Assunto 1: Nem nas canelas.

O On the Rock (que tive a honra de criar) hoje estás nas mãos do Gustavo (Bafo), Felipe (Oasis) e Thiago (Lorena), os meninos que comandam o cultural Taxi Virtual, que, inclusive virou um fanzine!
O programa está muito melhor do que quando era comandado por mim, pelo outro Thiago, o Brigadeiro e pelo Ângelo (o Coca ou Shun para outros). Não chego nem nas canelas dos manos.

A primeira música dessa edição aí do On the Rock é The Jimmy Chamberlin Complex, primeiro disco do projeto paralelo do ex-batera do Smashing Pumpkins. Sonzera.

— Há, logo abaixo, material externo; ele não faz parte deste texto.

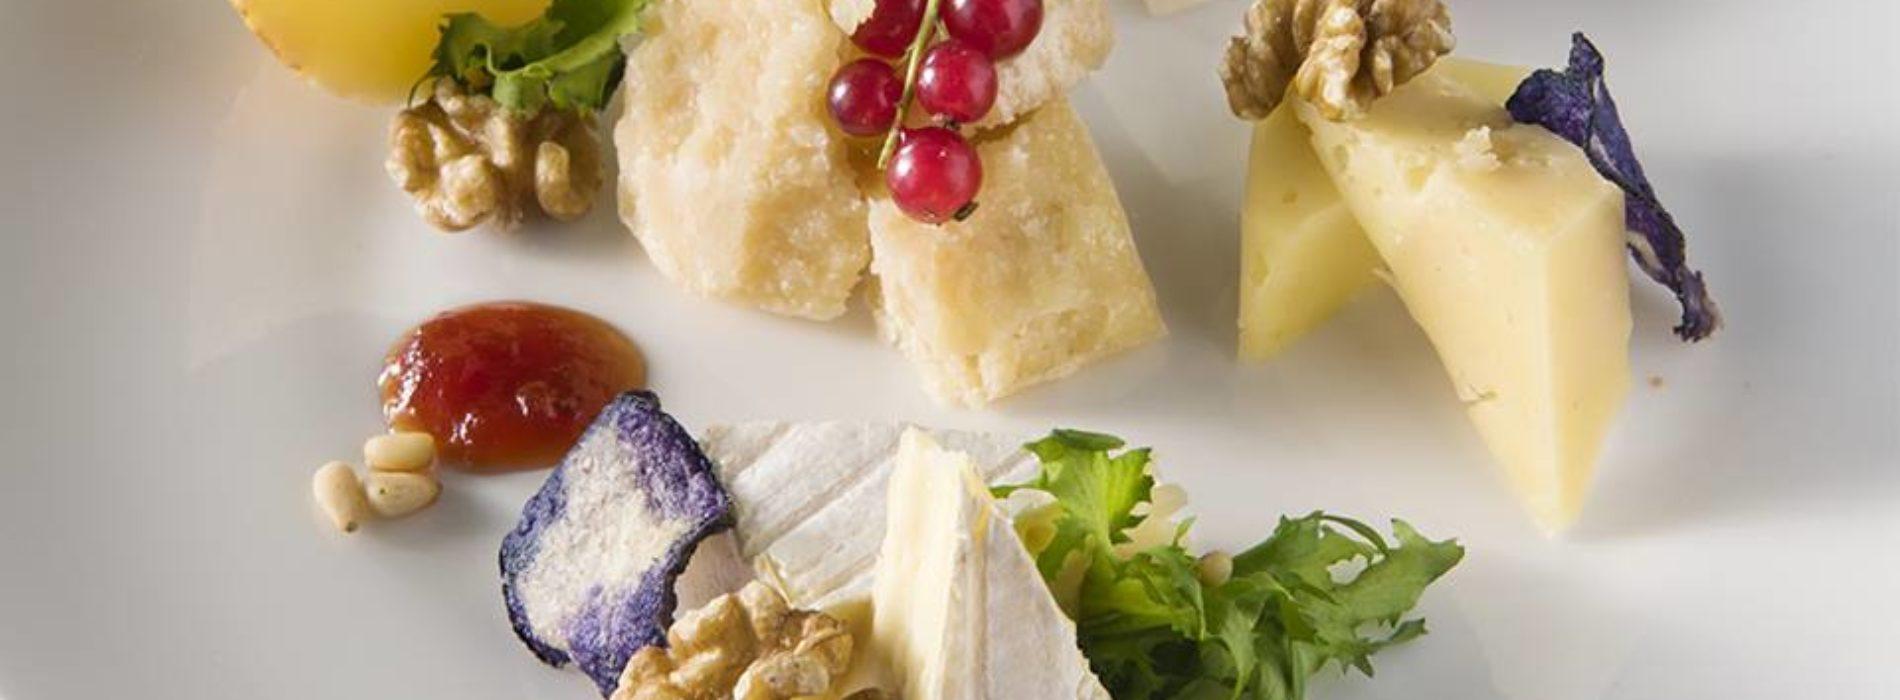 Eventi food Milano giugno 2018: cene speciali, degustazioni e festival del mese

Assunto 2: E o mensalinho, vai aí?

De pato pra ganso. No fim da semana passada comentei no ótimo blogue da Lucia Hippolito que havia notado o sumiço na mídia do caso o Mensalão Mineiro, que em 98 angariou fundos (desviados, entre outros, de estatais) pra campanha do PSDB a governo do estado de MG.
Na época houve tremendo esforço (inclusive do PT que tem políticos envolvidos em repasses de verbas) para que não se criasse uma CPI exclusiva para o caso.

Lá no blogue da Lucia tem os nomes da figuras envolvidas, nas palavras dela:

Segundo a denúncia do procurador-geral, Walfrido dos Mares Guia, Eduardo Azeredo, Clésio Andrade, Cláudio Mourão, Marcos Valério, Cristiano Paz e Ramon Hollerbach são acusados de peculato e lavagem de dinheiro.

É coisa grande.

O procurador-geral é o Joaquim Barbosa, o mesmo juiz do Mensalão do PT.

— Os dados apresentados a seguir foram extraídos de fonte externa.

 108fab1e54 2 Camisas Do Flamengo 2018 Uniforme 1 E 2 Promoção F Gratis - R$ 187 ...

Assunto 3: Pra se divertir com um frango.


Isso aí é a melhor descoberta dos últimos 3 anos. Trata-se de uma campanha publicitária de enorme sucesso da marca Burguer King.
Clicando no site vc pode interagir com esse frango aí acima. É só digitar (em inglês) alguma ação (jump, run, dance, citando exemplos comuns) que o frango irá obedecê-lo. Mas não tente sacaniá-lo. Se digitar uma ação considerada imprópria o frango vai te.... vai lá ver!

Foi dica da Andréa, que já demorou pra criar um blogue.

Ótima semana!

21/11/2007

A gente só gosta de notícias ruins.

Assunto 1: Jornal Contexto pras meninas.

As moçoilas Cris e Maga irão receber daqui alguns dias uma edição de LUXO em suas casas. Elas pediram aqui (post de 04-10) e finalmente tive a vergonha na cara de enviar.
Boa leitura.

Se ficou com inveja, é só pedir que a gente envia, mó prazer.

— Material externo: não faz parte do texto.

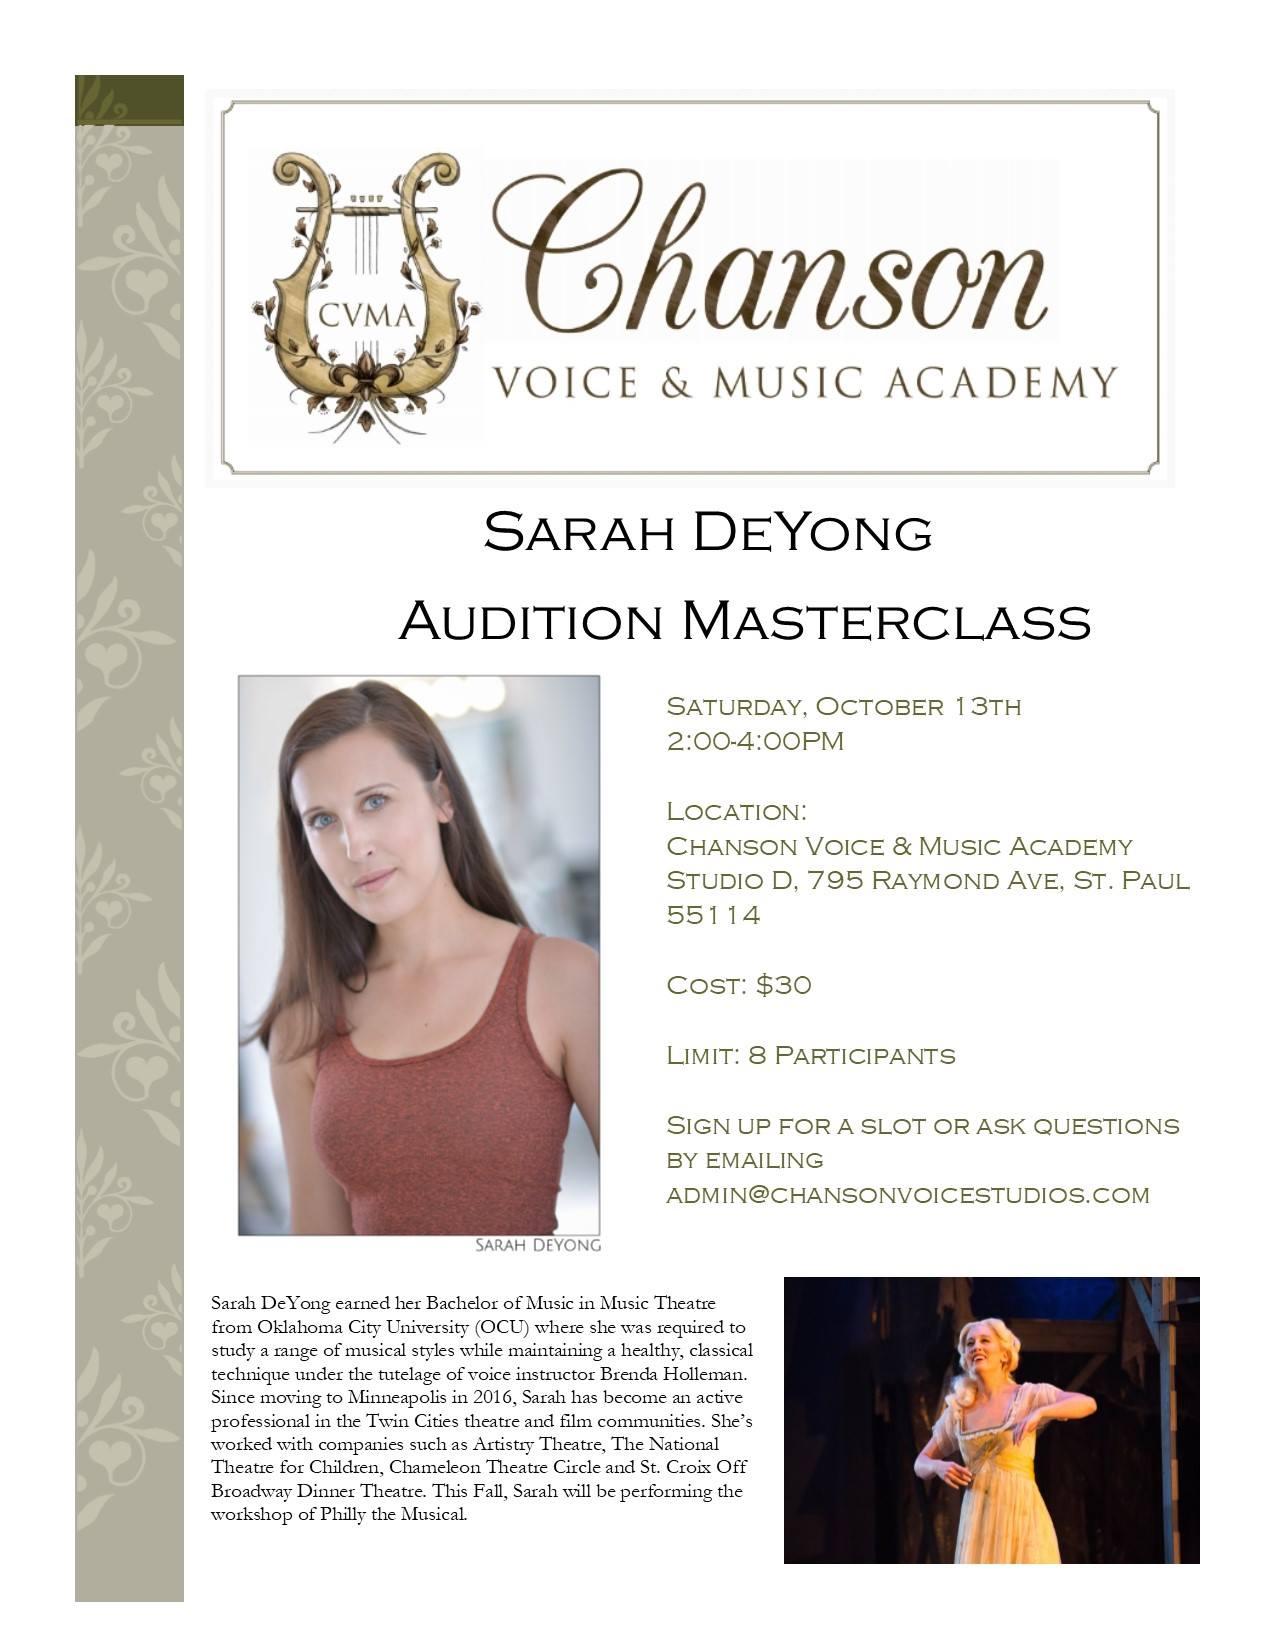 Sarah DeYong Audition Masterclass

Assunto 2: Notícias Mentirosas? Ou Ruins?

Cepal: número de pobres na América Latina é o menor dos últimos 17 anos

Martha Beck - O Globo

BRASÍLIA - O crescimento econômico da América Latina permitiu que 15 milhões de pessoas saíssem da pobreza e 10 milhões deixassem de ser indigentes na região em 2006, segundo levantamento da Comissão Econômica para América Latina e Caribe (Cepal). O "Panorama Social da América Latina" estima que a região deve encerrar 2007 com uma população pobre de 190 milhões de pessoas, o número mais baixo dos últimos 17 anos.

Brasil, Argentina e Venezuela estão entre os países que registraram maiores avanços. Segundo a Cepal, no caso brasileiro, não apenas o crescimento, mas programas de transferência de renda, como o Bolsa Família, foram determinantes. O país reduziu em 4,2 pontos percentuais tanto a pobreza quanto a indigência entre 2001 e 2006.


Os caras pálidas
Mas não é possível! Isso aqui é país de terceiro mundo. "O terceiro mundo vai explodir!"
"Quem tiver de sapato não sobra!" Como pode o nível de pobreza diminuir? E com um governo desses ainda por cima? Não pode ser, esses dados são manipulados, é o sistema!

Deixa eu adivinhar o que os rancorosos (o abominável homem das neves) e descrentes vão dizer: do que adianta nível de pobreza, se o povo continua passando fome, não tendo atendimento à saúde, emprego e nem habitação, saneamento básico?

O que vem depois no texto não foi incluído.